Short intro: one user's app did not show any content. Looking at his 6kb of data in plain text with TextWrangler I found 2 red question marks

I tried to cut some chunks of the base64-encoded data around the question marks and convert them to Data which didn't work. As soon as I removed the bits from the red question mark from the chunks it seemed to work again. Please take a look at my following Playground example:

//those do NOT work
let toEndBracket = "ACAAKgBVAFMAQQAqACAnlgAg2DwAIgB9AF0A" // *USA* ' <"}]//
let toMidBracket = "ACAAKgBVAFMAQQAqACAnlgAg2DwAIgB9"     // *USA* ' <"}//
let toCarrot =     "ACAAKgBVAFMAQQAqACAnlgAg2DwA"         // *USA* ' <//
let toSpace =      "ACAAKgBVAFMAQQAqACAnlgAg"             // *USA* ' //

//but this one WORKS
let toApostrophe = "ACAAKgBVAFMAQQAqACAn"                 // *USA* '//
//(basically the last one is without the space before the carrot, I've added the slashes after it to emphasize that)
//clear strings taken from https://www.base64decode.org/ using the UTF-8 setting WITHOUT "Live mode".

if let textData = Data(base64Encoded: toApostrophe) {
    print("Data created")   //works for all of them
    print(textData)
    if let decodedString = String(data: textData, encoding: .utf8) {
        print("WORKED!!!")  //only happens for the toApostrophe
        print(decodedString)
    } else {
        print("DID NOT WORK")
    }
}

So it basically fails as soon as soon as it contains lgAg.
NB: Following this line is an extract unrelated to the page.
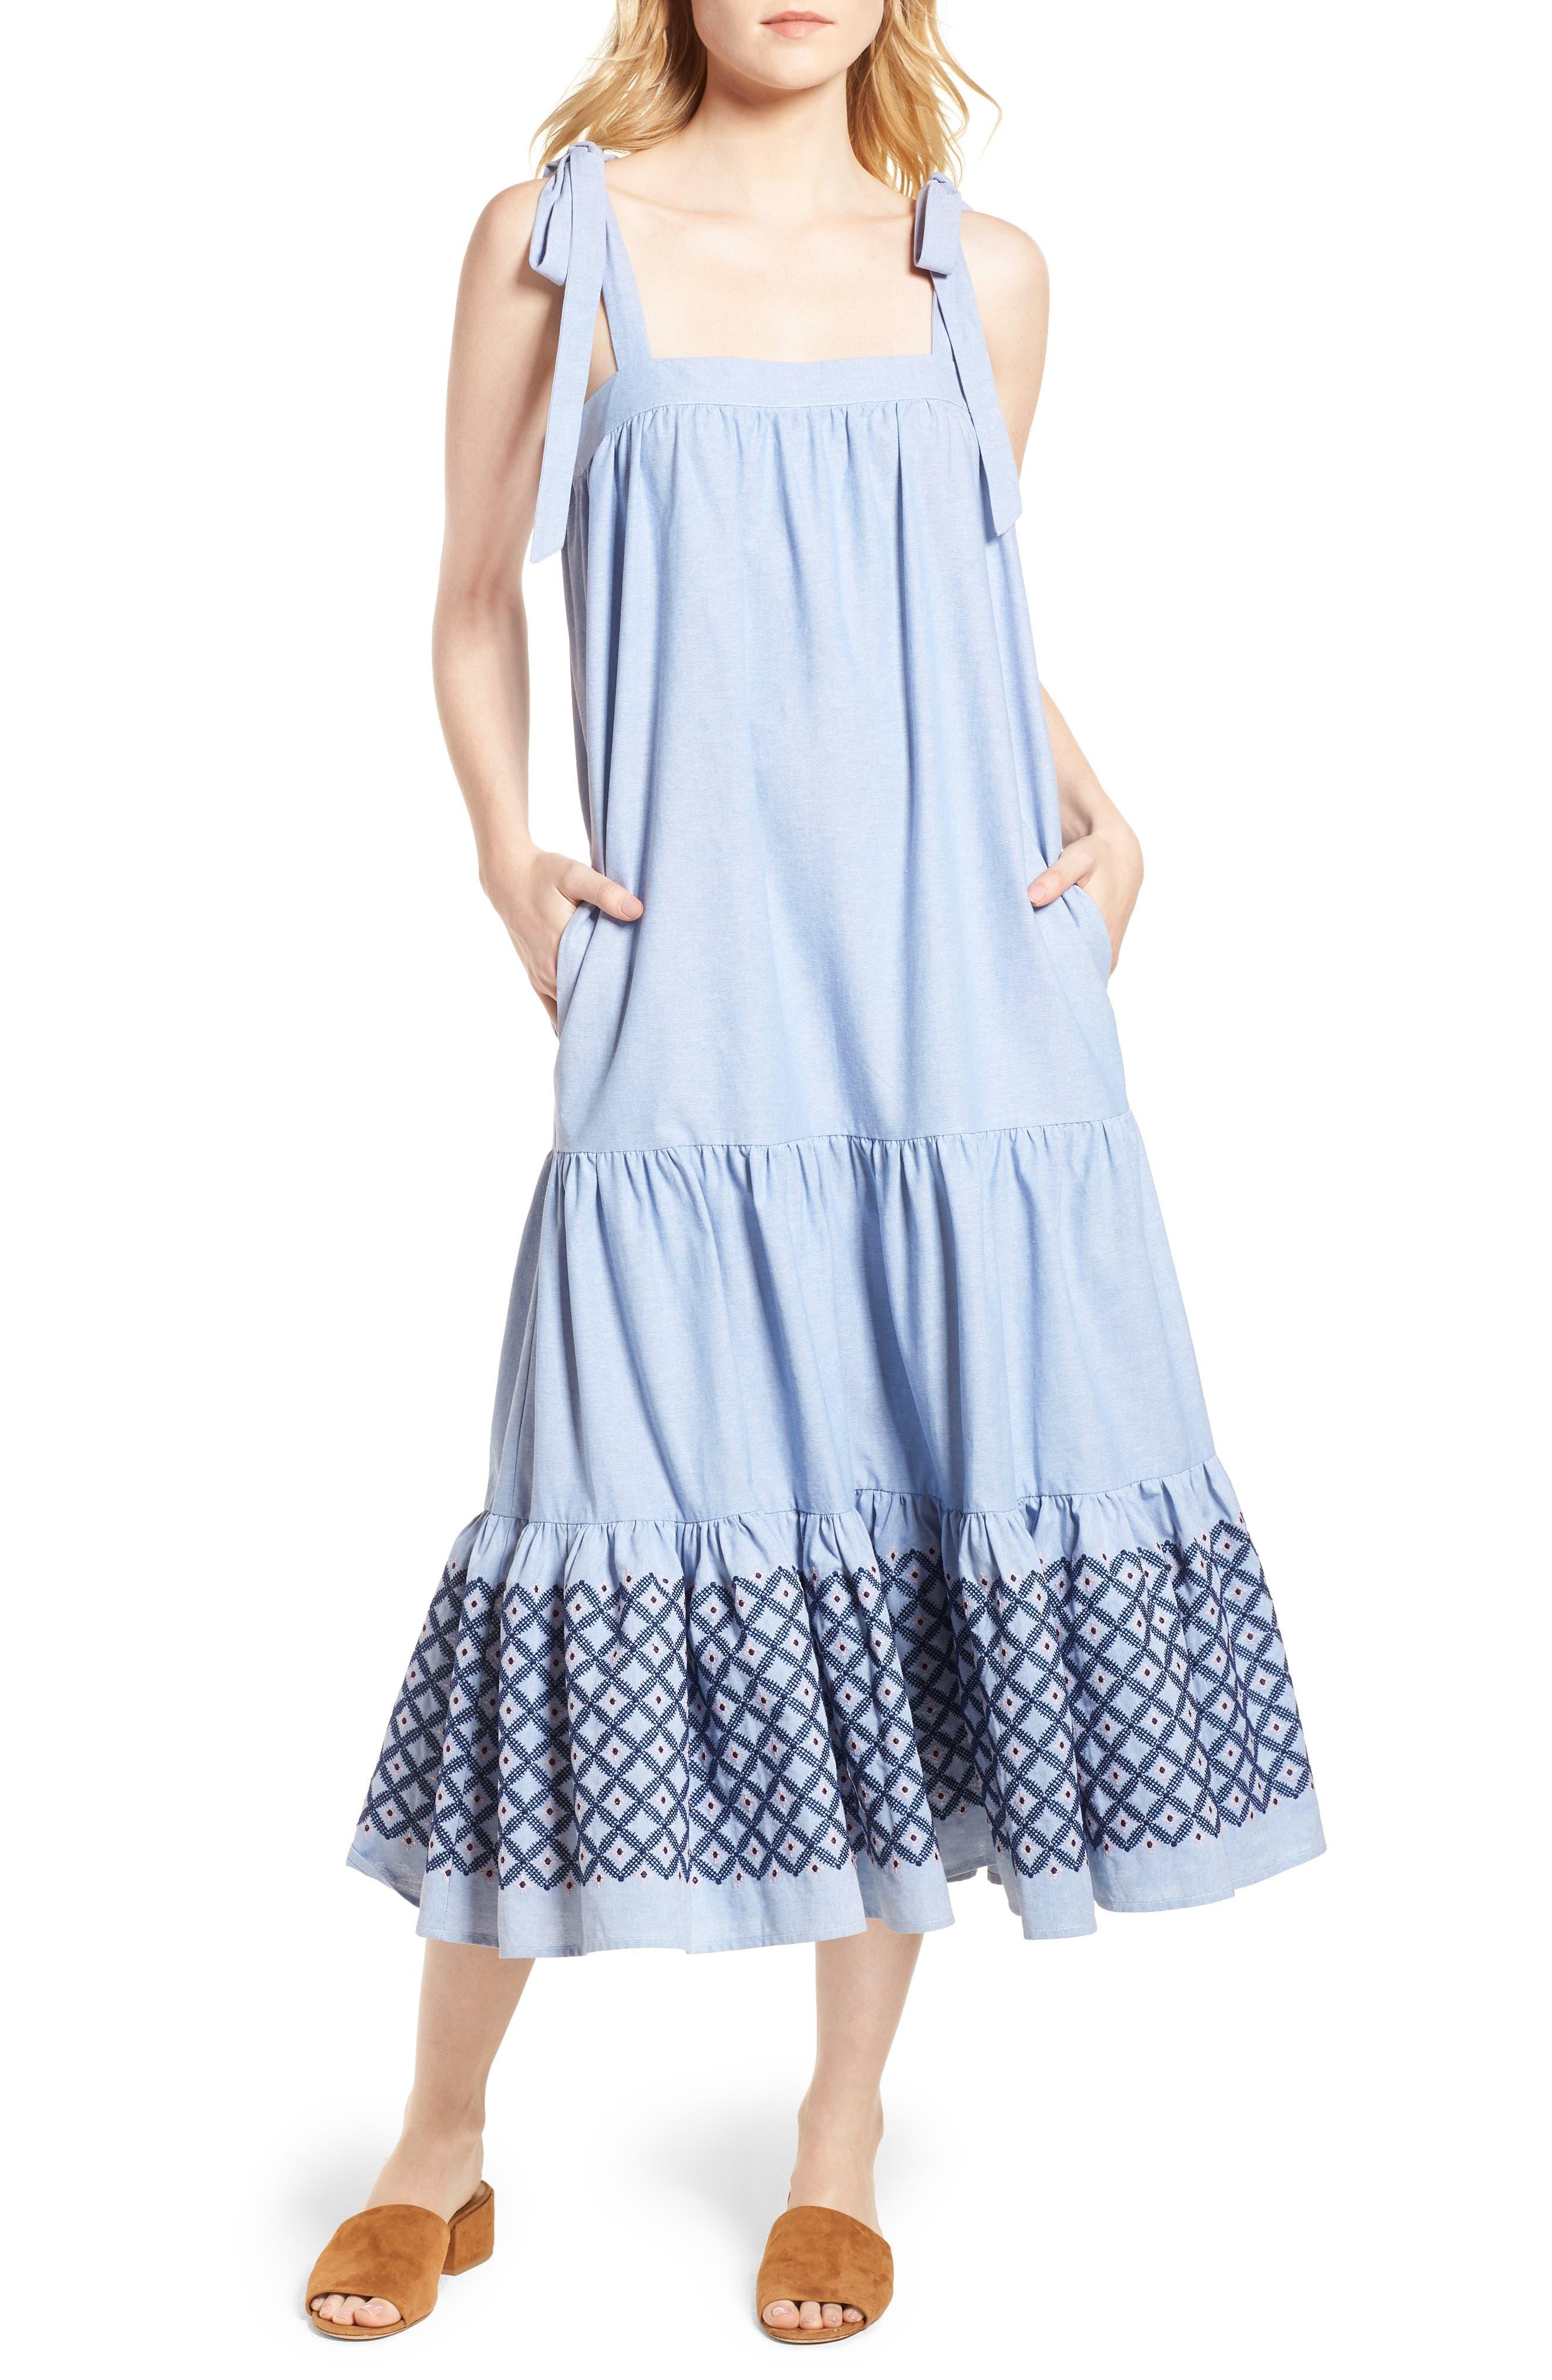 Lucy Dress,                             Main thumbnail 1, color,                             Blue

Replacing this with something like U29t does make the small strings work again but I can't do this in production code as I am sure my examples aren't the only occurrences of this issue. I don't care what happens with the original characters/ symbols/ emojis that are causing this, if there was a way to just "ignore" them that would be more than helpful already!

Here is another example of where this occurs:

//OTHER SYMBOL WITH SAME BEHAVIOR
//not working
let secondFromSpace =  "ACDYPAAiACwA"       // <",//

//WORKING
let secondFromCarrot = "PAAiACwA"           //<",//

Here is the original text in its habitat, a messenger message saying "USA" with an emoji hence the "USA" in my examples texts and my suspicion it's the emojis that make it break:

I'd be grateful if someone can tell me how I can "clean up" the base64 string so it's convertible to data again. It might also be due to some weird encoding with some of the emojis but for the very most cases, the app receives and displays content with emojis just fine.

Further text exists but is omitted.